CARNET DE JUSTICE DU JDM. Les élèves de 2nde 8 du lycée de Petite-Terre venus assister à l’audience correctionnelle ont eu droit à une démonstration du délicat exercice de la justice ce mercredi matin.
La principale affaire concernait un homme d’une quarantaine d’années, charpentier dans une entreprise de bâtiment, poursuivi pour une agression sexuelle présumée sur une petite fille de 6 ans en 2008. Le dossier est particulièrement difficile. Vide de preuves, c’est parole contre parole.
Ce type d’audience se déroule généralement à huis clos mais ce mercredi, l’absence de la petite victime présumée et de sa mère permet à l’audience d’être publique.
L’affaire éclate en mai 2012. Dans la région bordelaise où elle vit depuis quelques mois, une Mahoraise regarde la télévision avec sa fille. Le programme évoque un viol subi par une femme. La gamine, alors âgée de 10 ans, dit à sa mère : «à moi aussi, ça m’est arrivé». C’est le choc.
Un récit sans preuve
La mère se rend au commissariat et relate les faits racontés par sa fille. Quatre ans plutôt à Mayotte, elle avait passé quelques nuits dans la maison d’un couple, alors que sa mère s’était absentée du département. La petite dormait avec deux copines de son âge dans la même pièce que le couple. Mais une nuit alors que l’homme était seul, il aurait amené la fillette dans son lit et l’aurait violée. La petite décrit très clairement des actes de pénétration.
La procédure s’enclenche et logiquement la fillette subit un examen médical qui conclut pourtant à sa virginité et à l’absence de toute lésion qui pourrait accréditer son récit. Aucune séquelle psychologique n’est relevée.

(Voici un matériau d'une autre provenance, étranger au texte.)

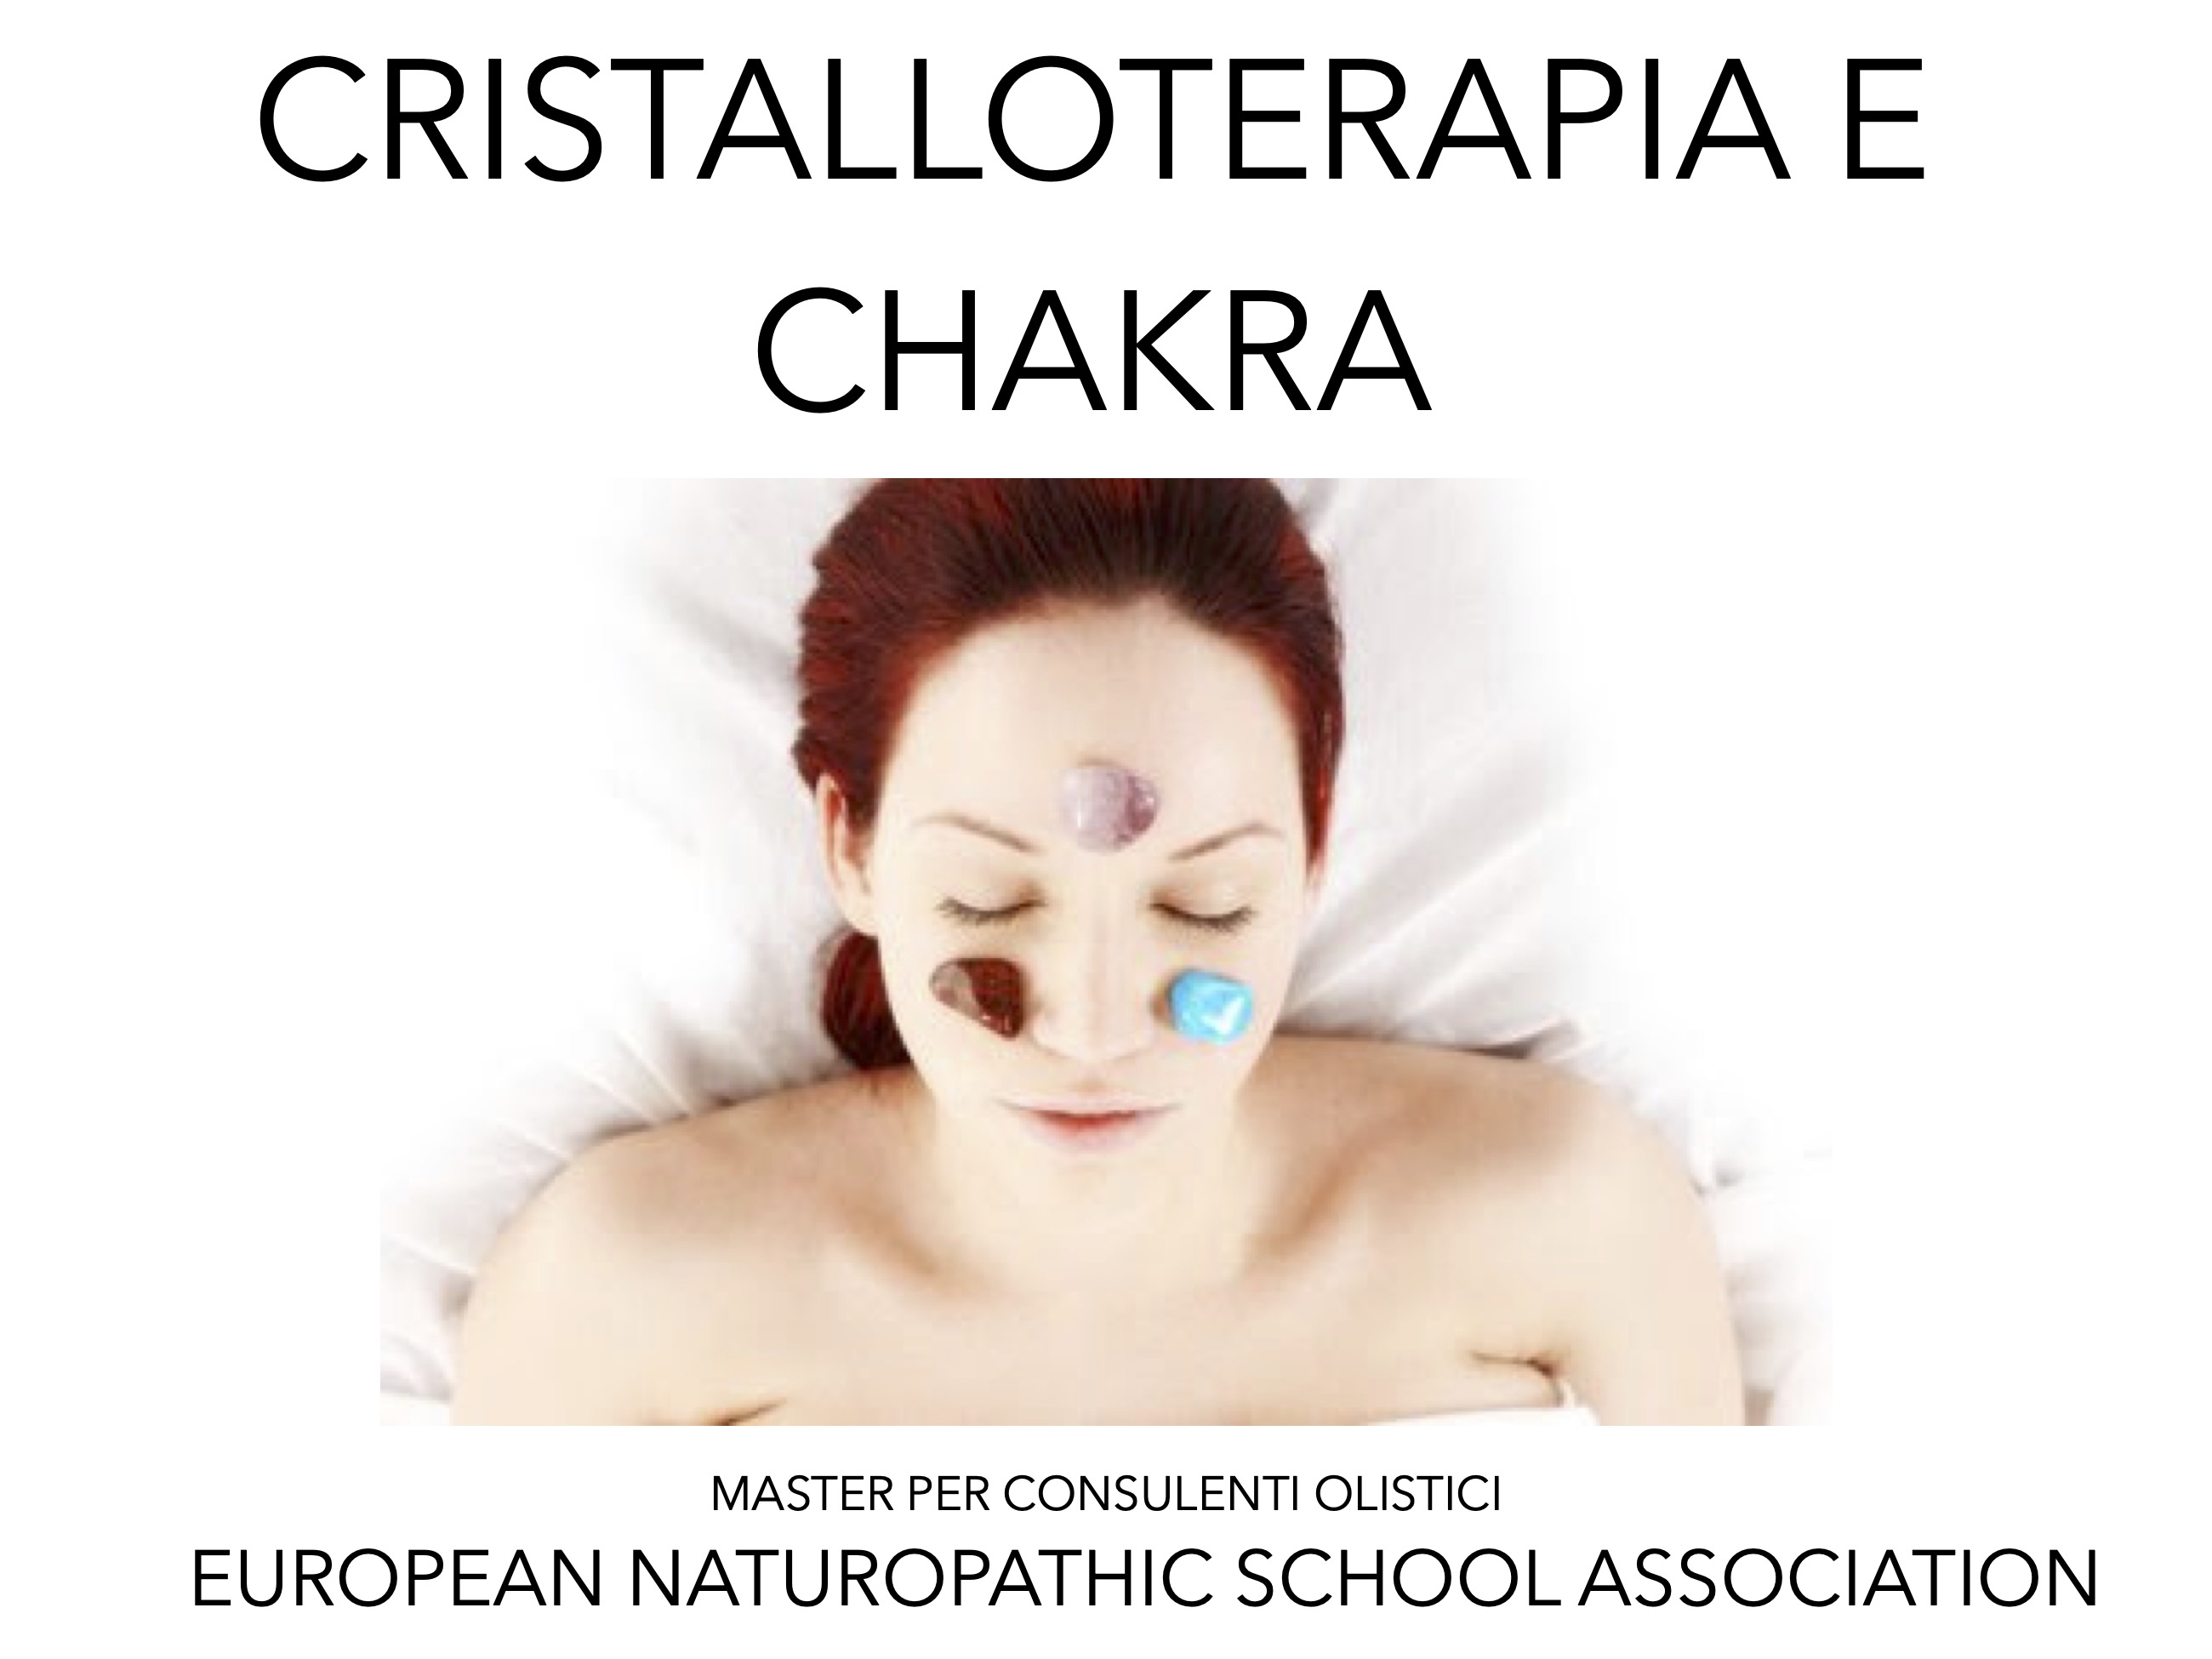 Cristalloterapia e chakra

L’enquête traine en longueur jusqu’au mois de septembre 2013 où l’homme désigné par l’enfant est enfin entendu à Mayotte. Il nie les faits. «Je ne l’ai jamais touché, je la considère comme une enfant de la maison», déclare-t-il aux enquêteurs. Mais la parole de l’enfant emporte tout : l’homme est mis en examen.
Une ligne de défense qui fait douter
Tout au long de la procédure, il sera convoqué à neuf reprises et devra se plier à une confrontation. Il va nier avec constance, mais sa ligne de défense est changeante : il évoque une vengeance de la mère de l’enfant avec laquelle il a eu une liaison, puis la volonté de cette femme d’obtenir de l’argent. L’enfant serait manipulée et serait devenue l’objet d’un chantage… des positions qui fluctuent et des détails dans le récit de ces nuits passées par l’enfant chez lui qui sont suffisamment flous pour jeter le doute sur sa sincérité.

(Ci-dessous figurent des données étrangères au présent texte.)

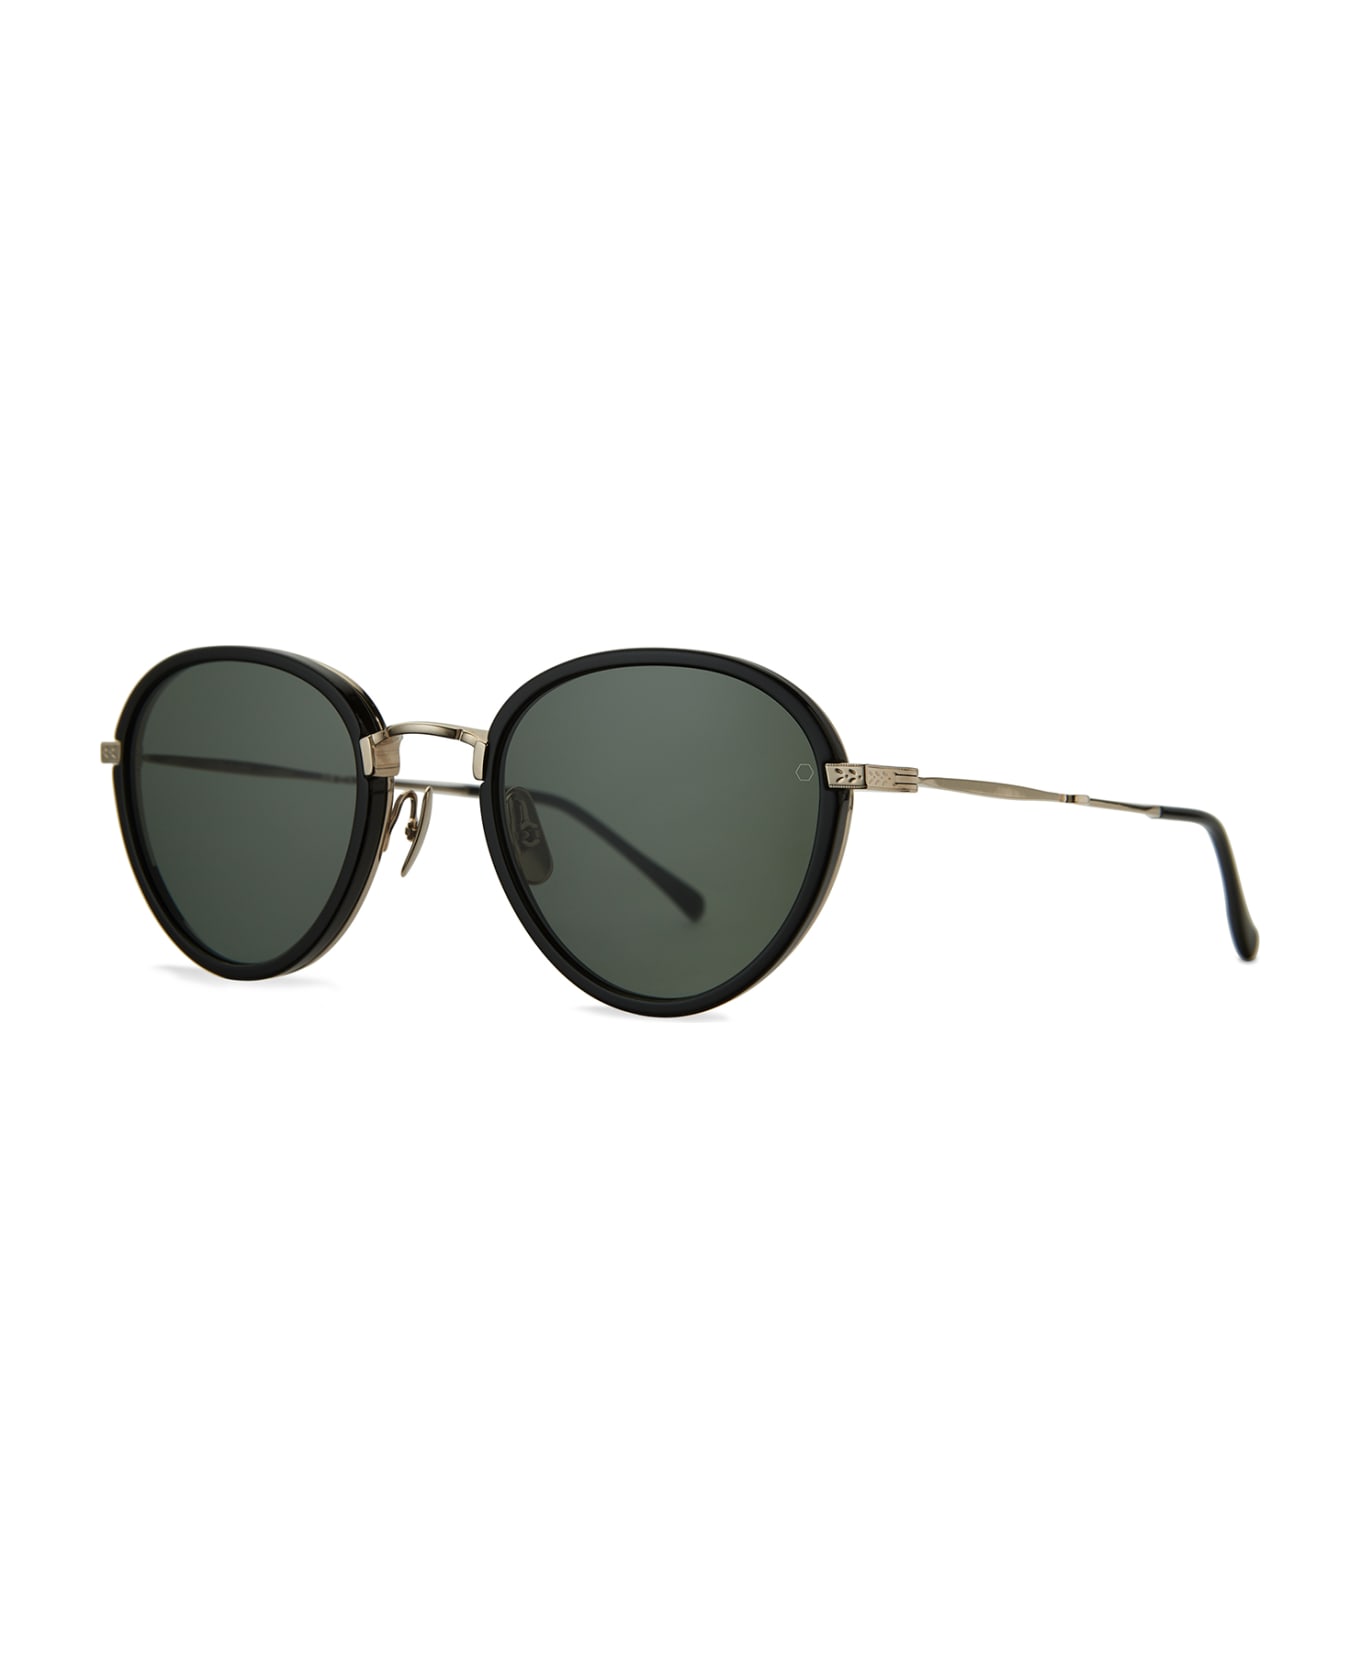 Mr. Leight Monterey Sl Black Sunglasses - Black

Les questions musclées comme la plaidoirie de Me Simon, l’avocat de la jeune fille, font pencher la balance du côté de la victime présumée même si les 18 mois de prison avec sursis requis par le procureur témoignent de la fragilité du dossier.
Trop de zones d’ombre
C’est l’intervention de Me Cooper, l’avocate du prévenu, qui va changer la donne. Patiemment, elle reprend chaque élément de l’affaire, pointe les contradictions et surtout les nombreux détails qui changent au fil du temps : l’heure des événements supposés, les vêtements de la fillette, la période des faits, le sang dont on nous dit qu’il a coulé avant que la fillette ne parle plus de pénétration…
Me Cooper épluche enfin les comptes rendus des 9 auditions de son client pour pointer les «armes déloyales» utilisées par les policiers dans leurs méthodes d’interrogatoire. Elle retient surtout, au-delà des maladresses de langage de l’homme, sa constance dans la négation des faits.
Au final, à quelle parole accorder le plus de crédibilité ? Le tribunal ne peut se défaire de ses doutes. Il accède aux demandes de Me Cooper et relaxe l’homme mis en cause. Peut-être, pour lui, la fin de longues années de cauchemar.